My hermit dreams were smashed, swiftly and jarringly, once I got to graduate school. I was yanked into an unrelenting current of lab meetings, departmental seminars, and international conferences. Every time I presented my data, I battled the nagging angst: What if I sounded stupid? What if I was asked something I didn’t know? The “what ifs” plagued me for days before any presentation, no matter how small. Often at these conferences there would be networking events at the end of an already long day. I would think, “Really?! Haven’t we engaged enough?” Regrettably, I dodged most of these sessions because I lacked the confidence to believe that anyone would want to connect with me. When I did attend, I’d stand in the corner talking to maybe one or two people – not a great way to expand your network if that’s what you’re looking to do.
“It’s not what you know, it’s who you know.” You’ve been hearing this for years, and guess what? It’s the absolute truth. More than 70% of people land jobs through networking, according to studies in the Academy of Management Journal. A recent CareerXroads survey showed that only 15% of positions were filled through job boards. Maybe you’ll be one of the 15%, but I know I’m not willing to take those odds.
For the introverts among us, these numbers may seem daunting, yet relations with others are one of the most primal and natural ways humans survive and thrive. It’s instinctive to reach out and forge symbiotic connections. We network every day without a second thought. Why, then, do networking sites such as LinkedIn seem foreign and impenetrable to some of us? LinkedIn provides the perfect platform for those looking to reach out and learn from others without appearing too vulnerable. But there’s a catch: it must be used strategically and with finesse, especially when a 2013 report by Social Times shows that 94% of recruiters and hiring managers use LinkedIn to vet job candidates. Only 65% use Facebook and 55% Twitter.
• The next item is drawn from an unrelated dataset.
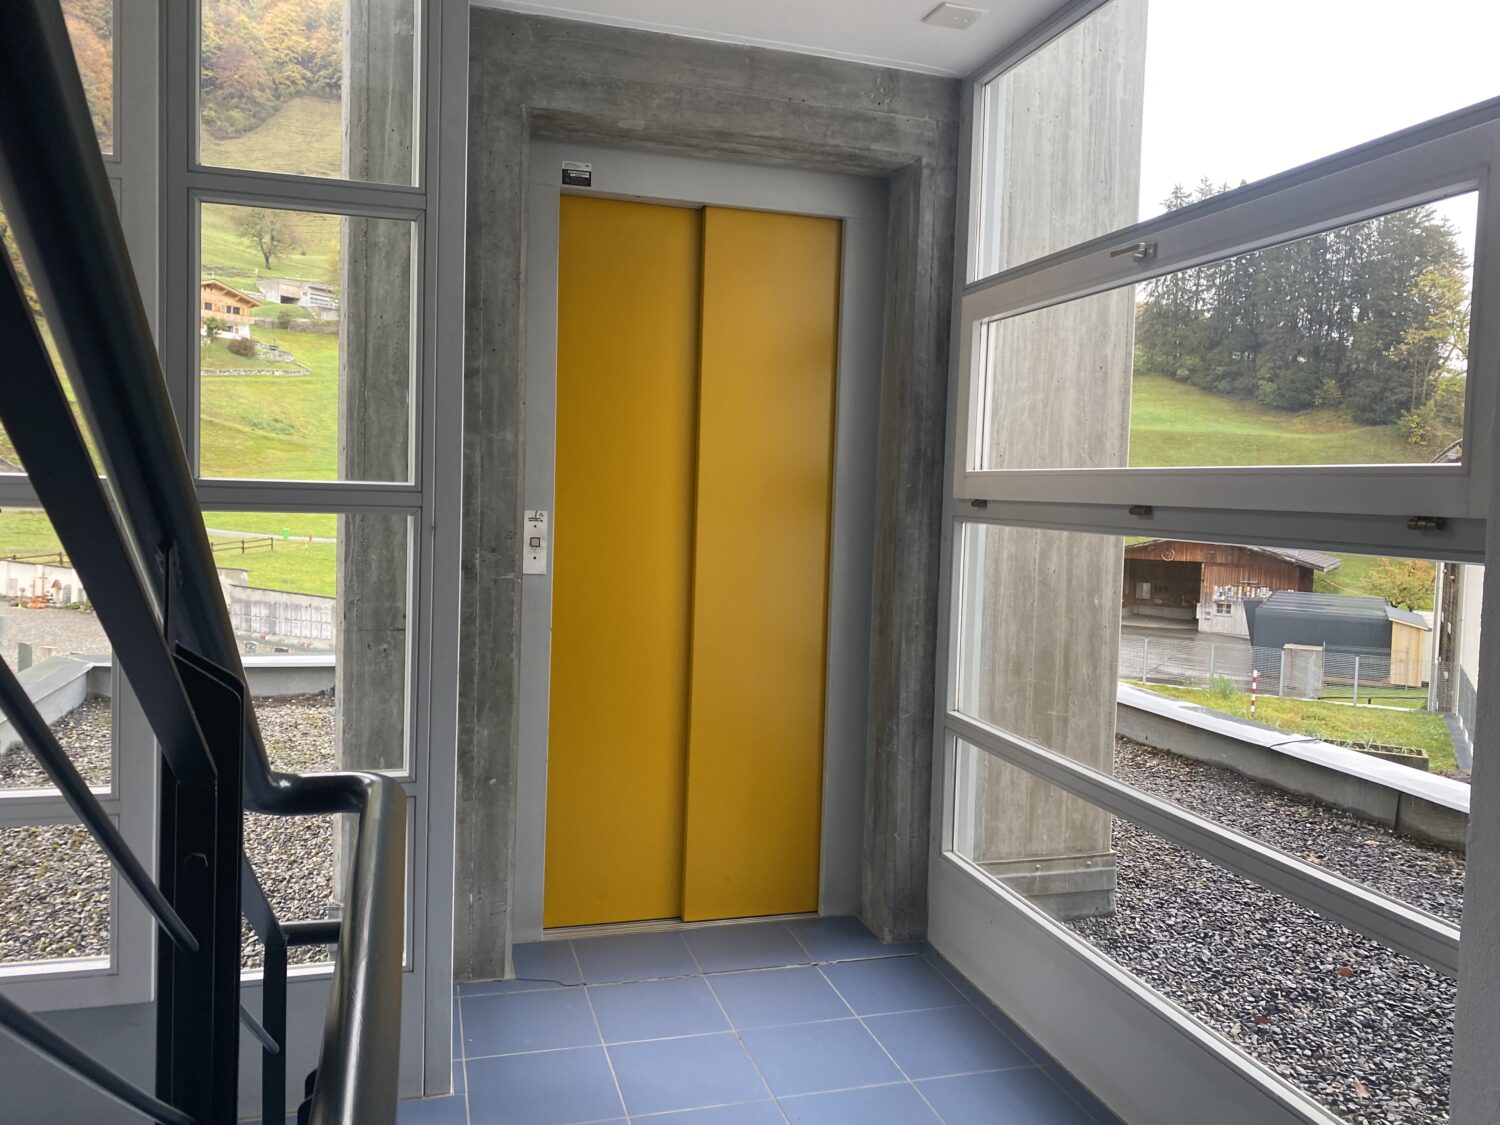 Wohnung Grüsch - Treppenhaus mit Personenlift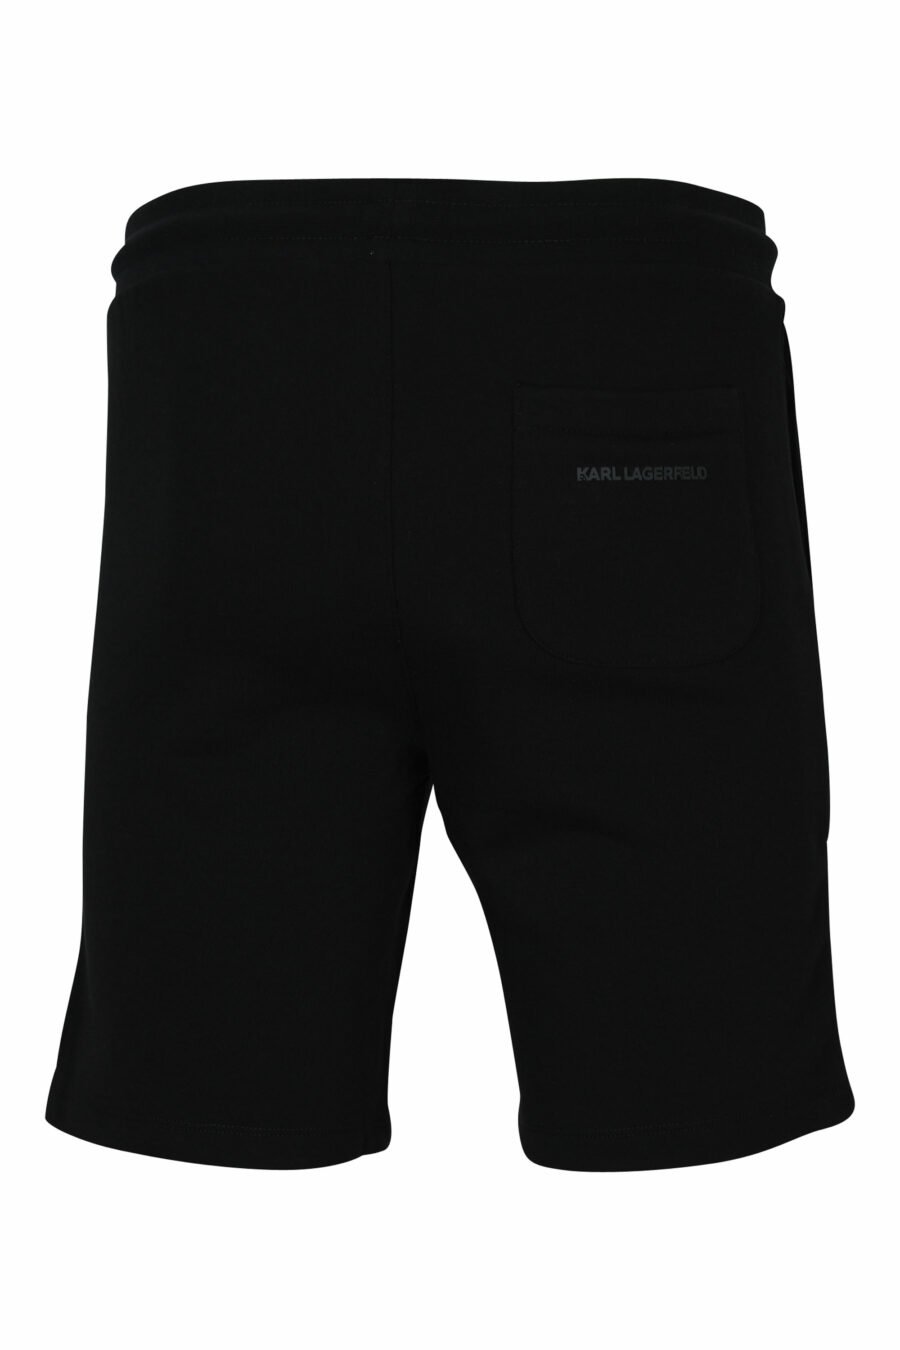 Pantalón de chándal corto negro con minilogo azul en goma - 4062226782364 1

I’m no great expert on LinkedIn. Years ago, I created a profile, connected with people I already knew, copied and pasted my resume into the appropriate sections, and even uploaded a photograph. Then I sat back and waited for opportunity to magically appear and transform my life.
Well, I waited for years. And years. A good week consisted of one or two profile views, usually from people already in my network. For a while, the number of views fell depressingly to zero. So I added some publications, every single lab skill I possessed, and even started following groups that were relevant to my job search.
Still, opportunity remained stubbornly shy while I began to fear that I had been right all along – maybe there wasn’t anything I could offer to others. Maybe, despite all those years of rigorous training at the best universities, I remained mediocre. Suddenly, I felt I was standing in the corner of a virtual networking event, all by myself.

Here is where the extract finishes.